**ABOUT THIS TASK**
Your copy of the lines below must match them exactly and contain no images.

**DATA SECTION**

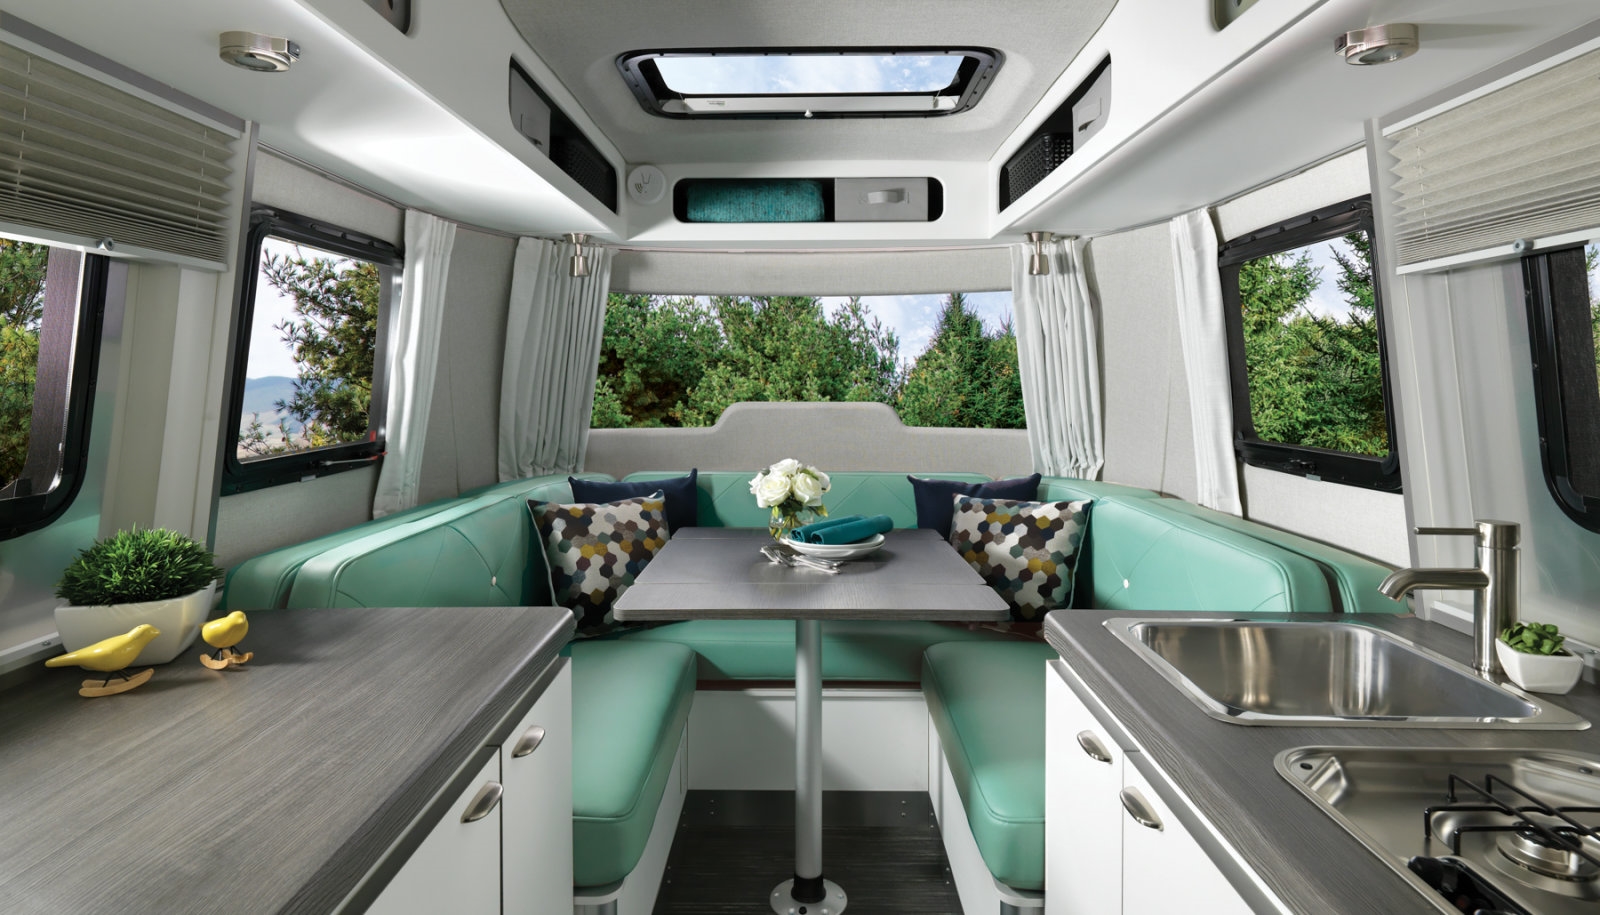 Airstream’s Nest is a cozy, futuristic trailer | DeviceDaily.com
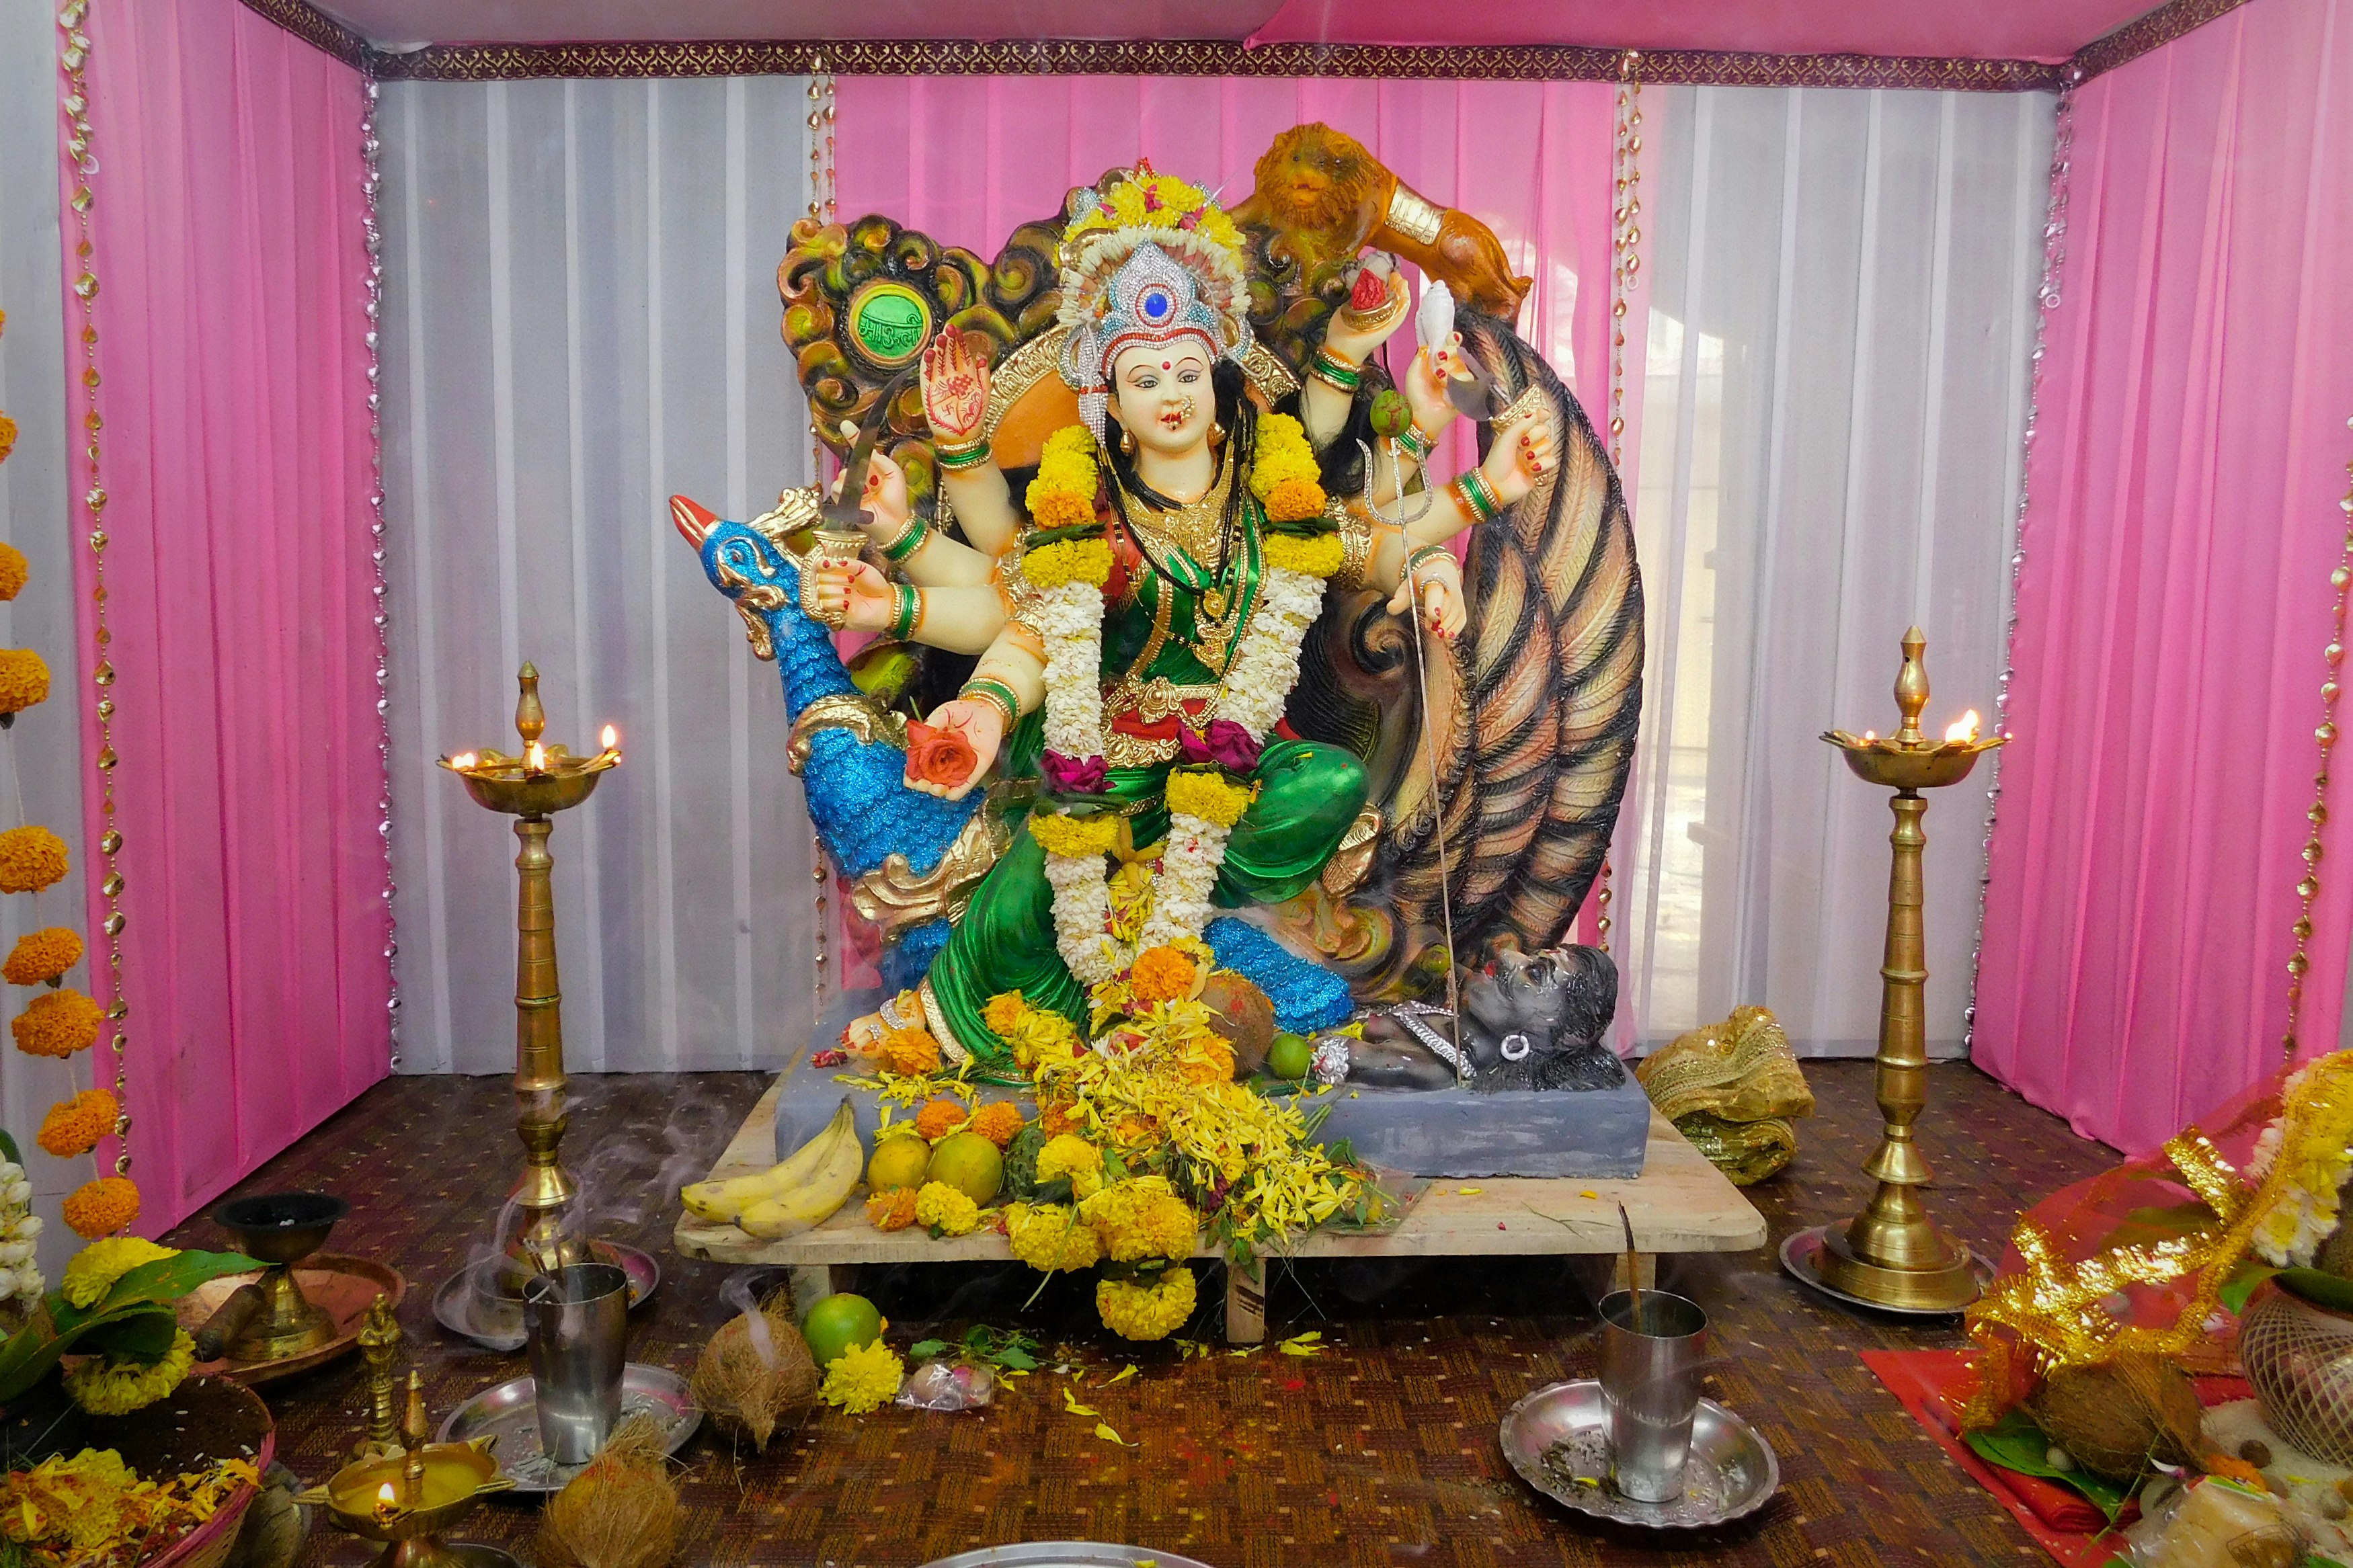 hindu deity figurine on table
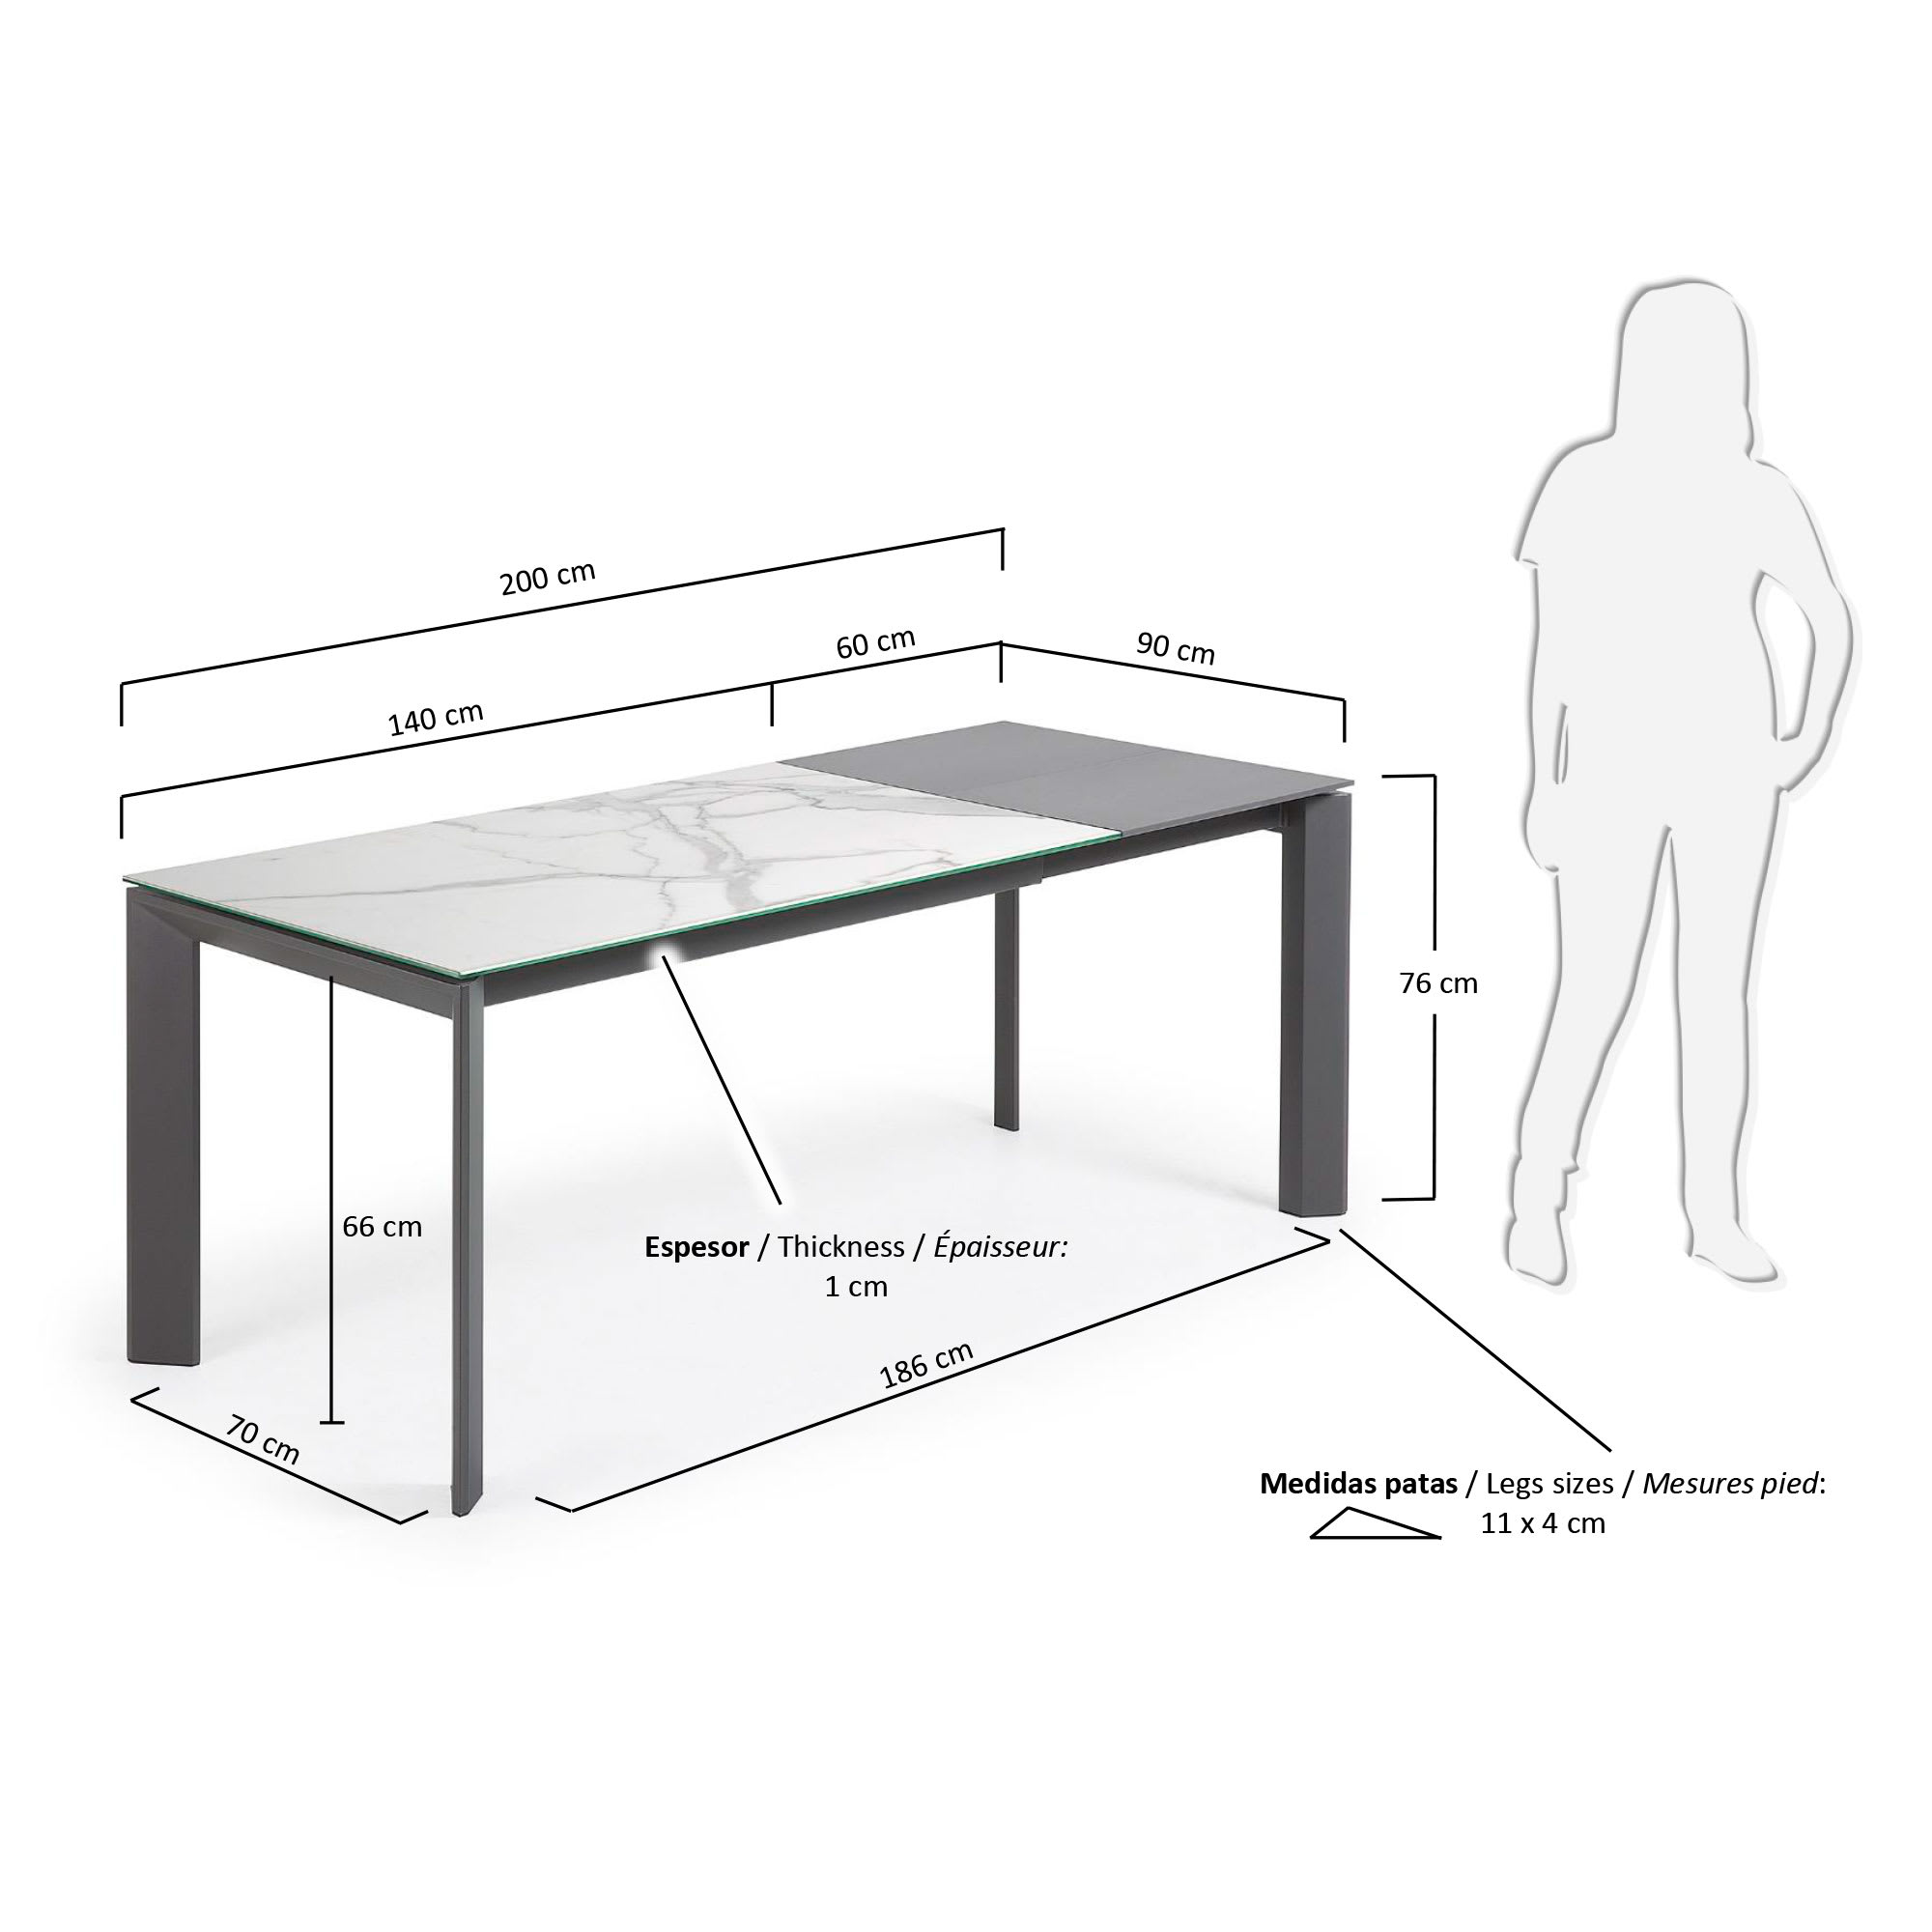 엑시스 세라믹 확장형 테이블 KB(90 x 140-200cm) - 크기

**WRITTEN RESPONSE**
 Airstream’s Nest is a cozy, futuristic trailer | DeviceDaily.com
 hindu deity figurine on table
 엑시스 세라믹 확장형 테이블 KB(90 x 140-200cm) - 크기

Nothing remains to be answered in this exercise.